• Exercise requirements: With both ends included, repeat exactly the lines of the entries below from the one containing "Avec fronton décoratif" down to the one containing "Une autre grande", and no others.

• Material shown:
+ + + + +
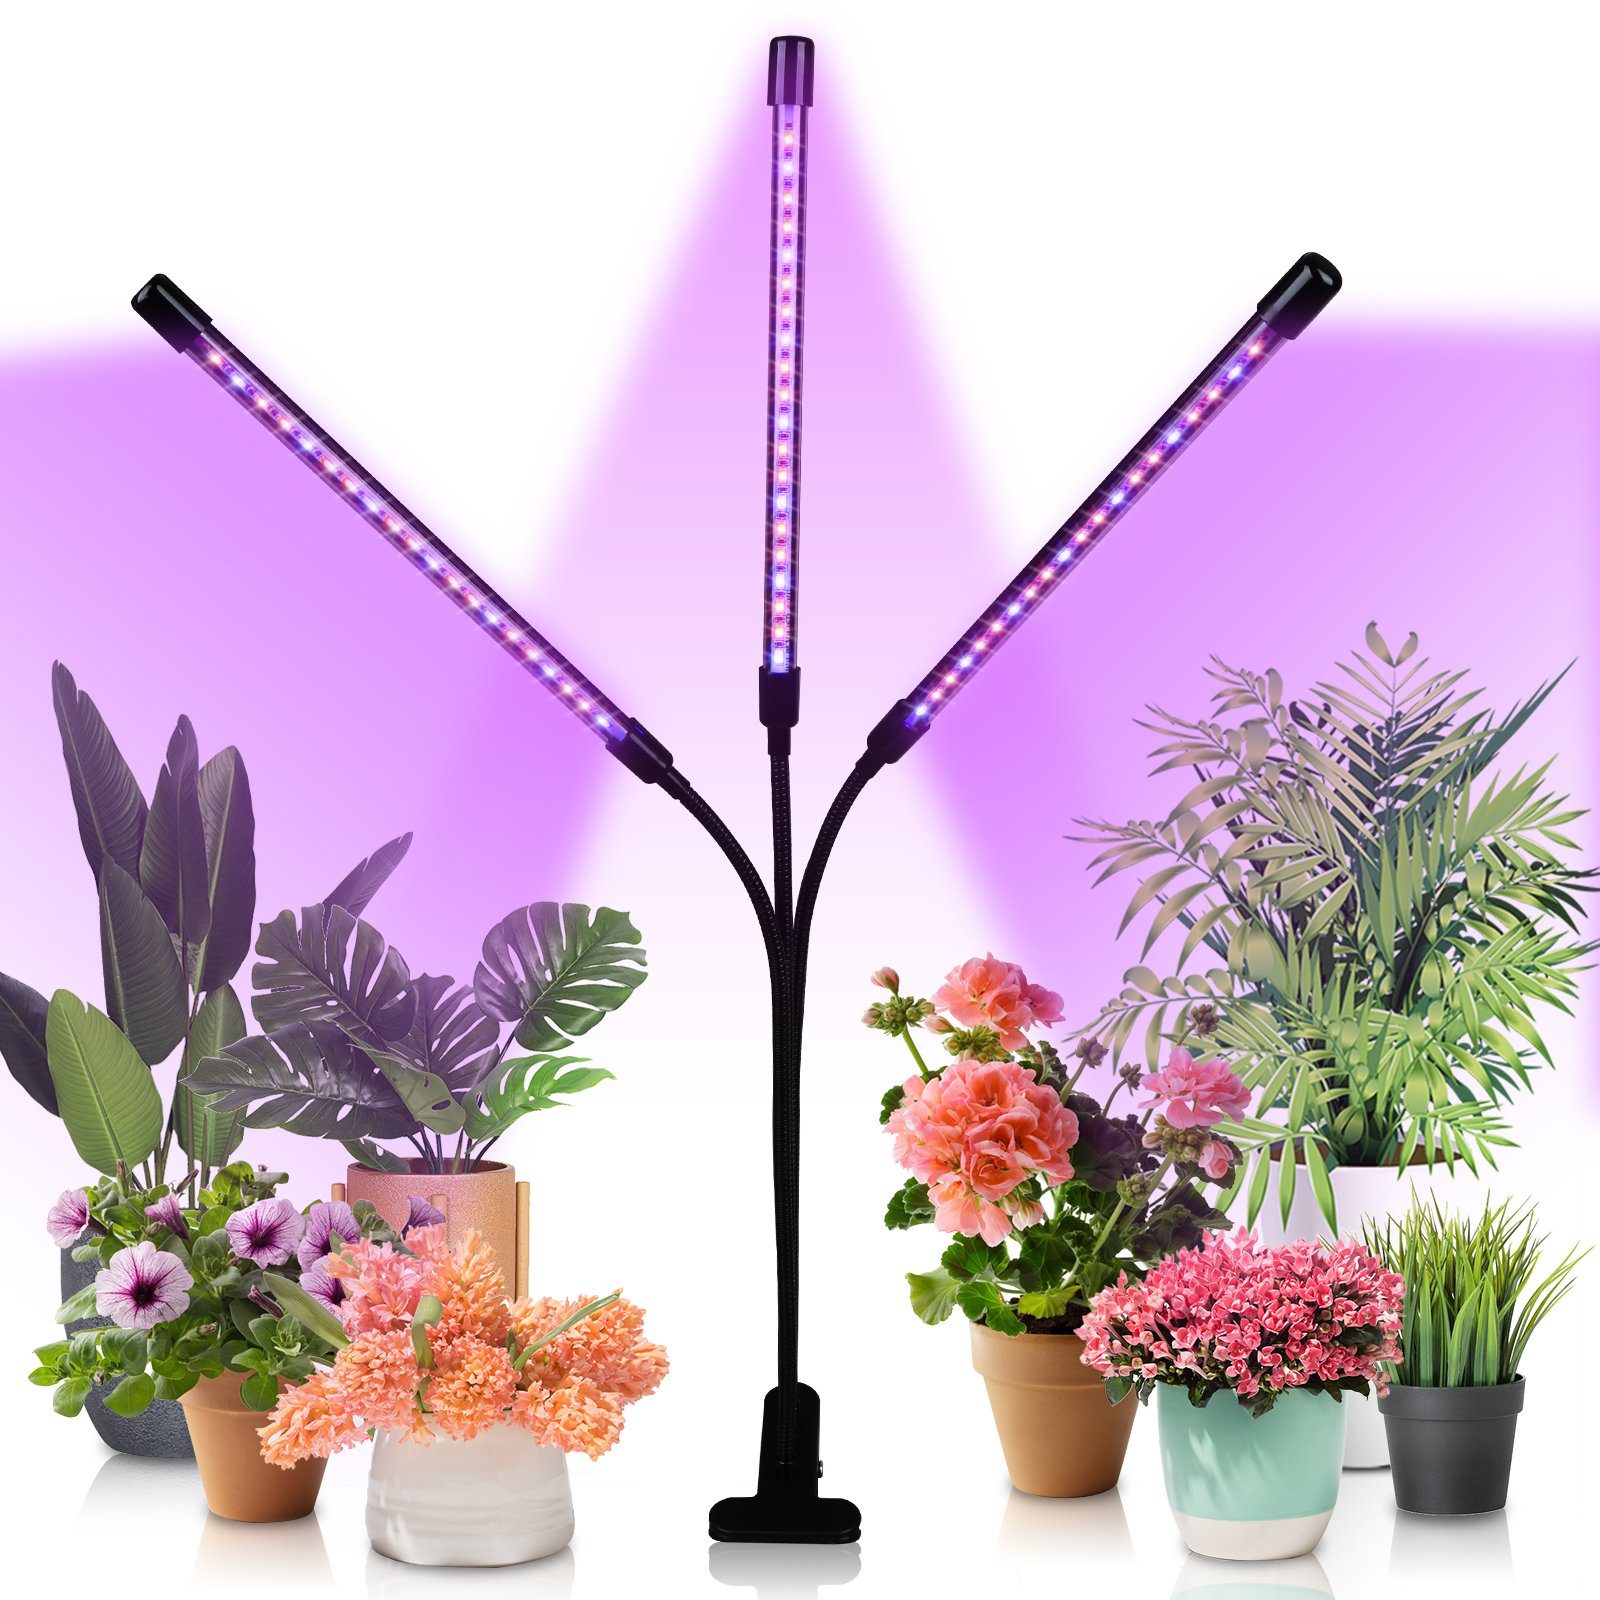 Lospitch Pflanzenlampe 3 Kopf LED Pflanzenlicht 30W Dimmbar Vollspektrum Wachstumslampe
+ + + + +
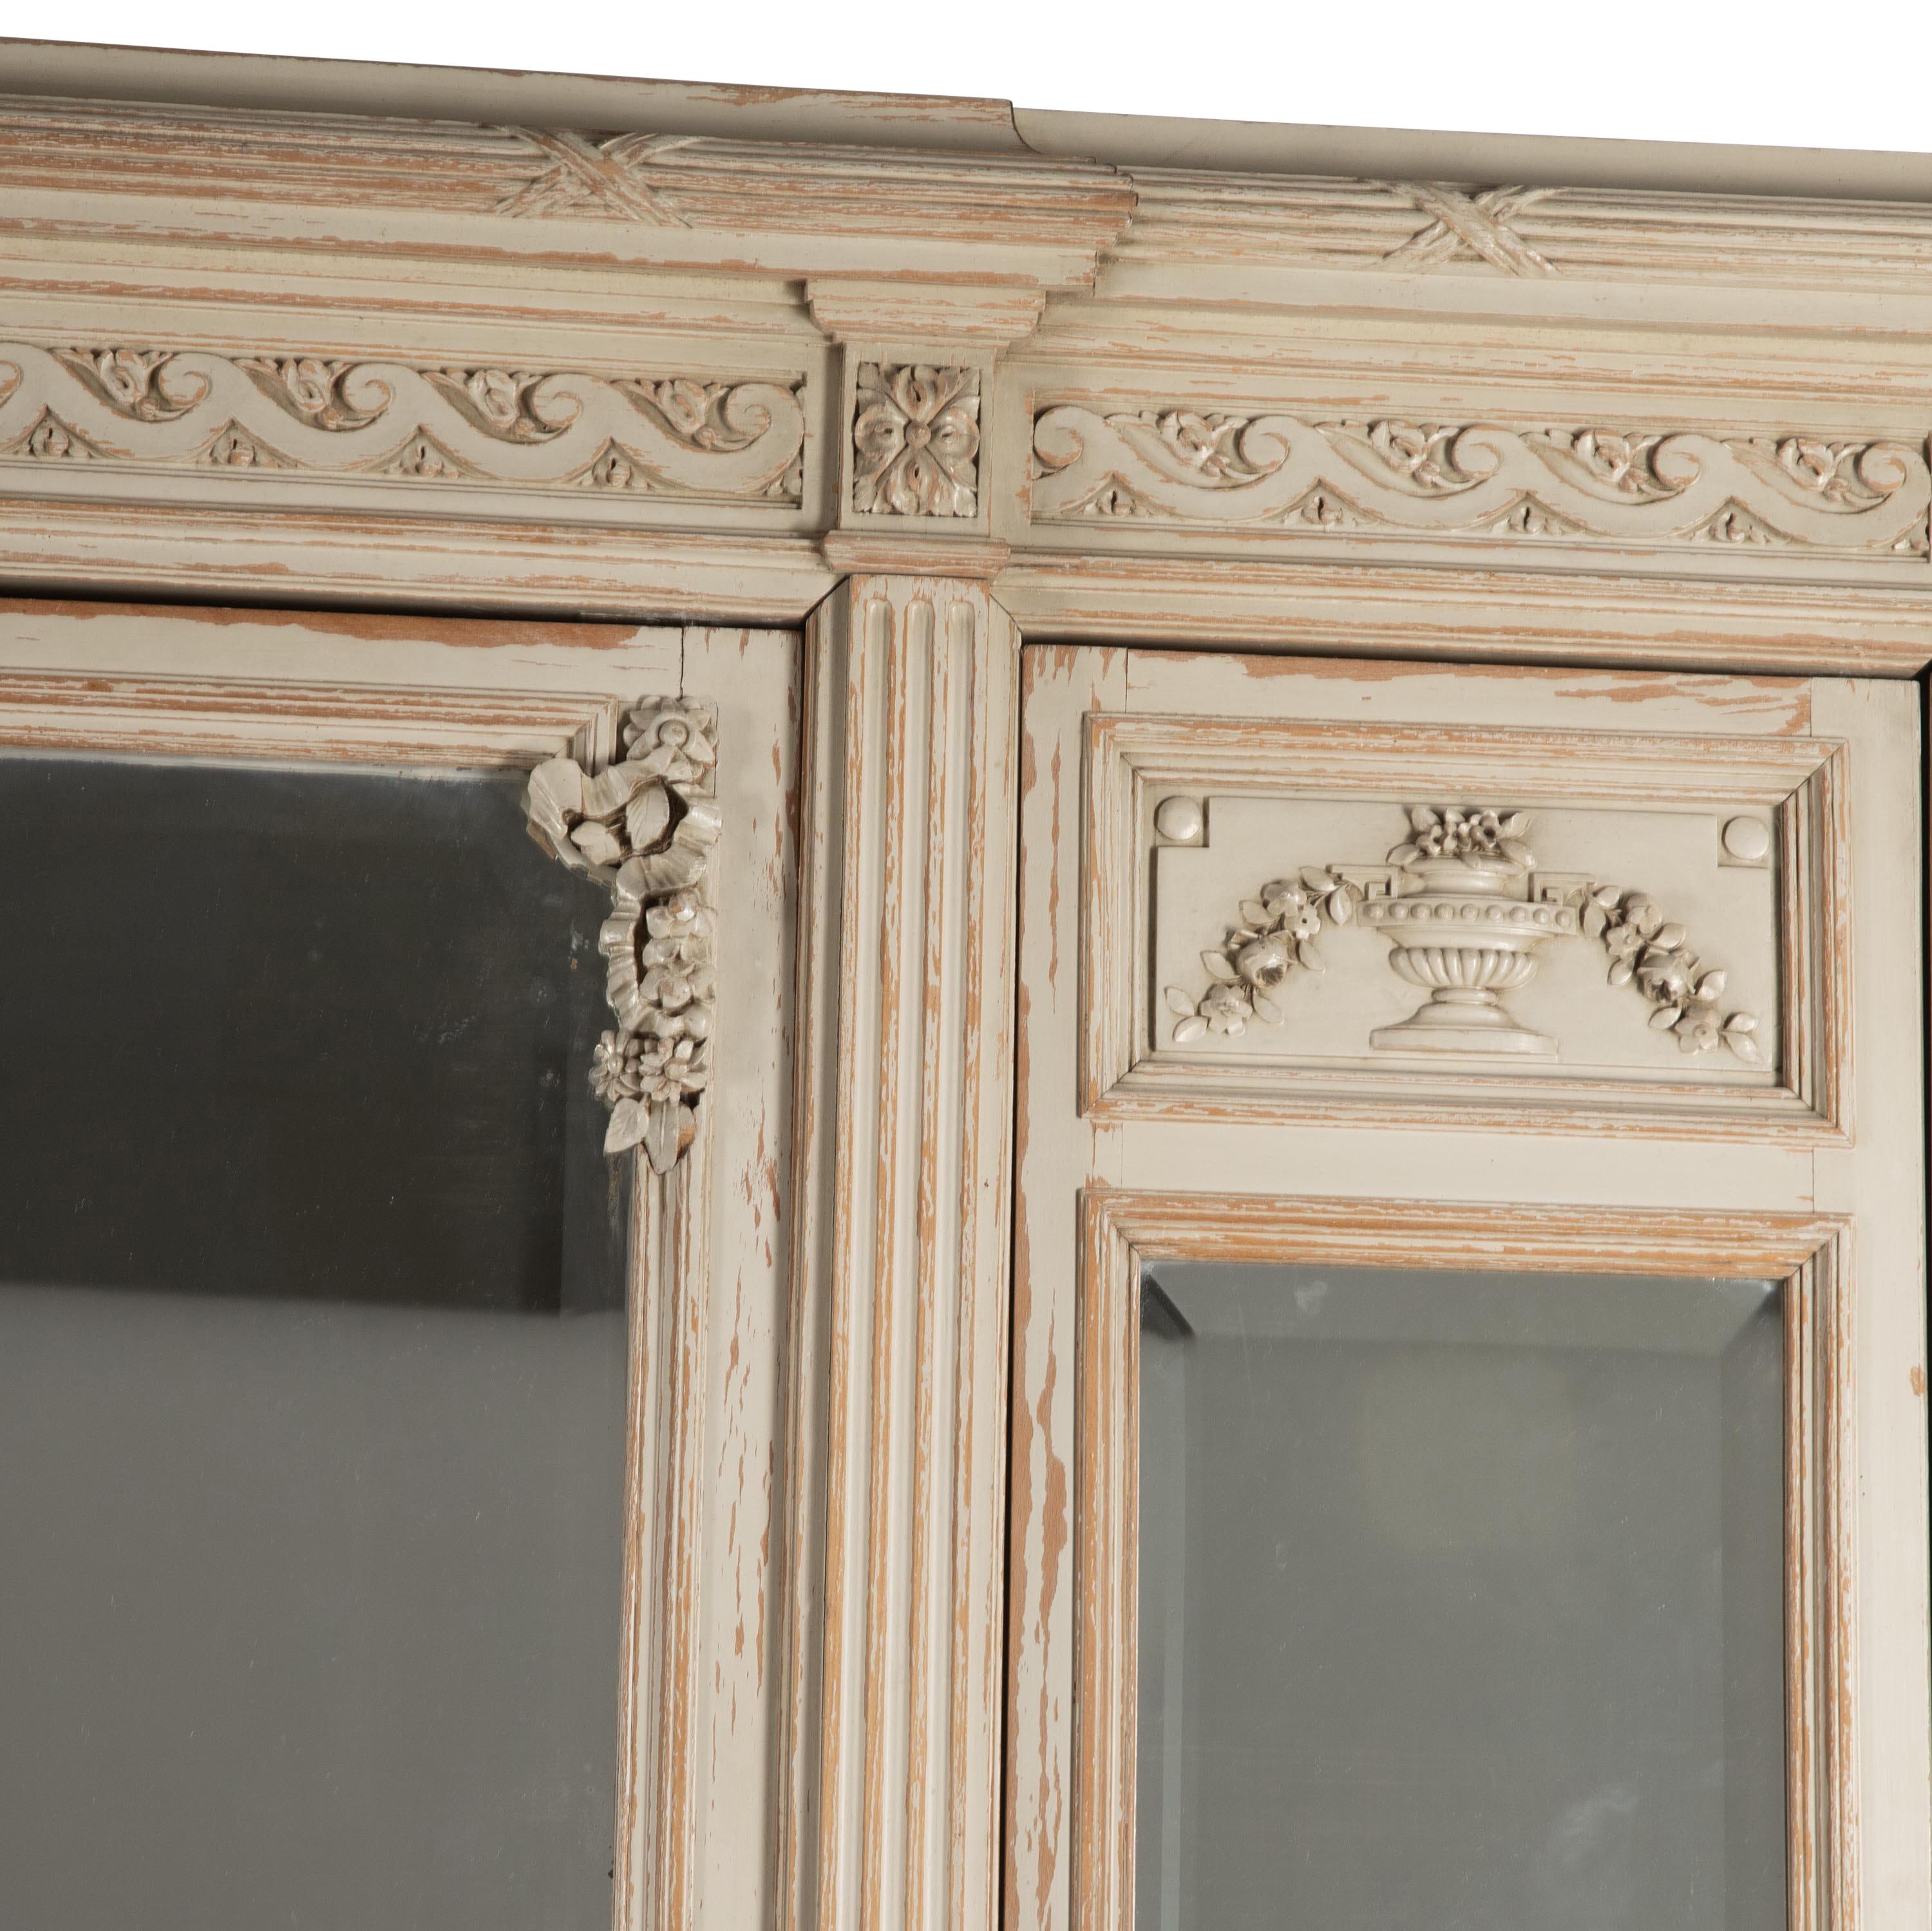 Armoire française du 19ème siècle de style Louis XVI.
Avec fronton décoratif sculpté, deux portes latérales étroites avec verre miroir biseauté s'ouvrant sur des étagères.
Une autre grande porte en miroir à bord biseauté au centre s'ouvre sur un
+ + + + +
• Result of this task:
Avec fronton décoratif sculpté, deux portes latérales étroites avec verre miroir biseauté s'ouvrant sur des étagères.
Une autre grande porte en miroir à bord biseauté au centre s'ouvre sur un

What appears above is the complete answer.